To all of this, Aécio Neves presents a credible alternative. ‘I raise today the issues that represent monstrosity for all Brazilians,’ he said after the first round of voting as his centre-right Social Democrats claimed 33% of the vote. ‘High inflation, lack of growth, lack of any fiscal responsibility, and corruption.’ His first move was to announce that a respected former central bank chief, Arminio Fraga, would be his finance minister if he wins.

No wonder the stock market in São Paulo rose nearly 5% the day after, and the real strengthened quite dramatically on the foreign exchanges. Neves, a disciple of the man who came to power after the corruption earthquake of the 1990s, President Fernando Henrique Cardoso, preaches an agenda that is based on cutting central government, on reducing public spending, on curbing inflation at all costs, and letting the real float.

So the battle lines are clearly defined. President Dilma calls it ‘the elite versus the people,’ slamming bankers and investors in the process. Senator Neves, formerly Governor of the mining province Minas Gerais based around Belo Horizonte, fires back: ‘It’s not about me, or a political party, it’s about all Brazilians who have had enough of big, irresponsible government.’

The pollsters tell us that much depends on where the third-party candidate, Marina Silva, throws her weight. Ms Silva, an environmentalist who looked like the main challenger at one point, took more than 20% in the first round. She once had more in common with Dilma – indeed she was a member of the Workers’ Party, but the president attacked her fiercely to drive down her vote, and the wounds seem set to force Silva to the Neves camp. Even then, Neves has an uphill fight to depose a president whose programmes have built formidable support in the favelas, the shantytowns of Rio and São Paulo, and the poor, rural north-east.

What’s certain is that the rest of Latin America is watching very closely.
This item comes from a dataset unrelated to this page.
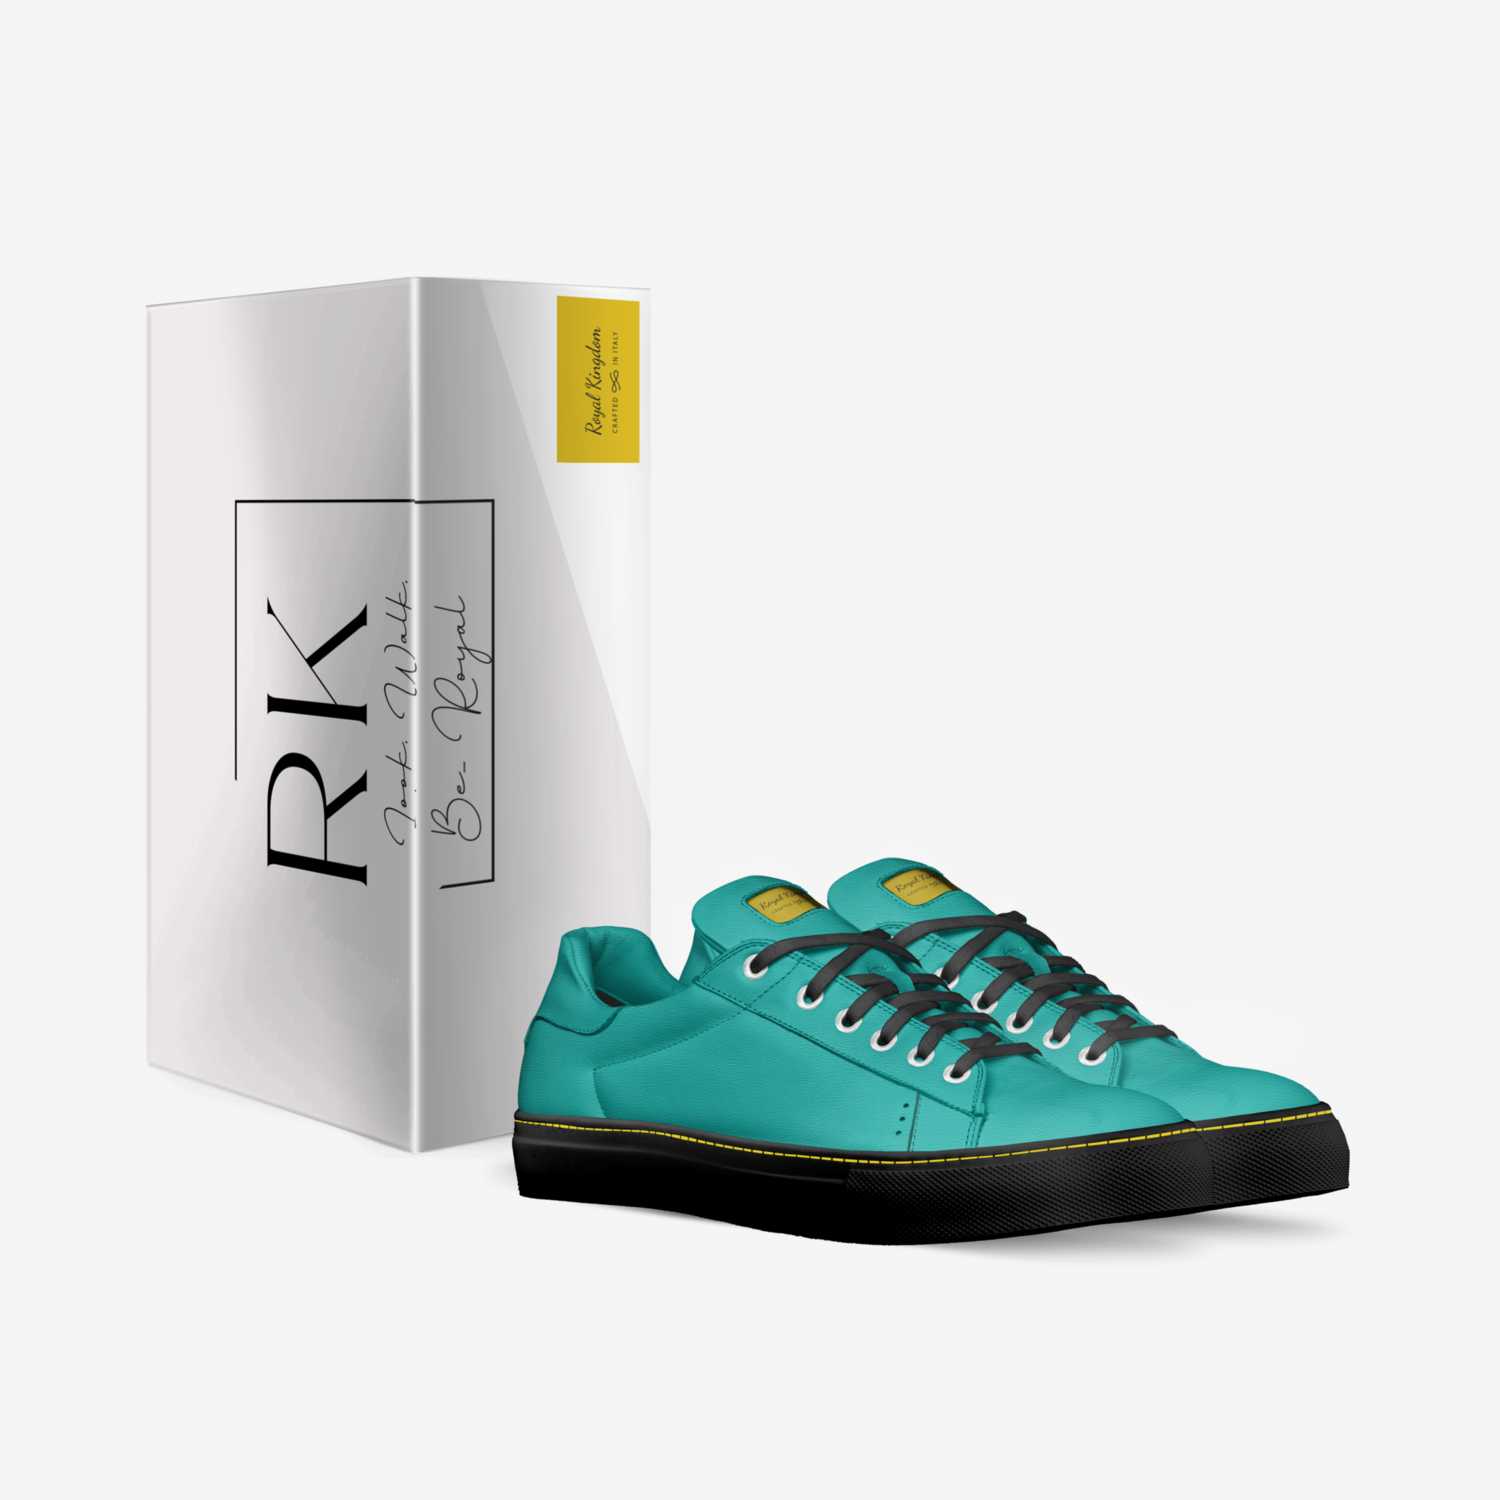 Royal Kingdom custom made in Italy shoes by Rauh Karim | Box view

In Argentina, Bolivia and Venezuela, populists have made state intervention the modus operandi in the name of development. In contrast stand Mexico, Colombia, Peru and Chile, where pragmatists seek economic growth and strong investment, again in the cause of development.

Latin America has, for some years now, been a bellwether in the world of emerging markets. And Brazil represents the fulcrum, the engine-room of that paradigm, not just because of the size of its economy but also because of its primacy among the Brics.

Keep an eye on the final outcome of this election, because it is bound to set the scene for so many others who hover between two visions, two ways, two agendas of how to forge a better tomorrow in the developing world.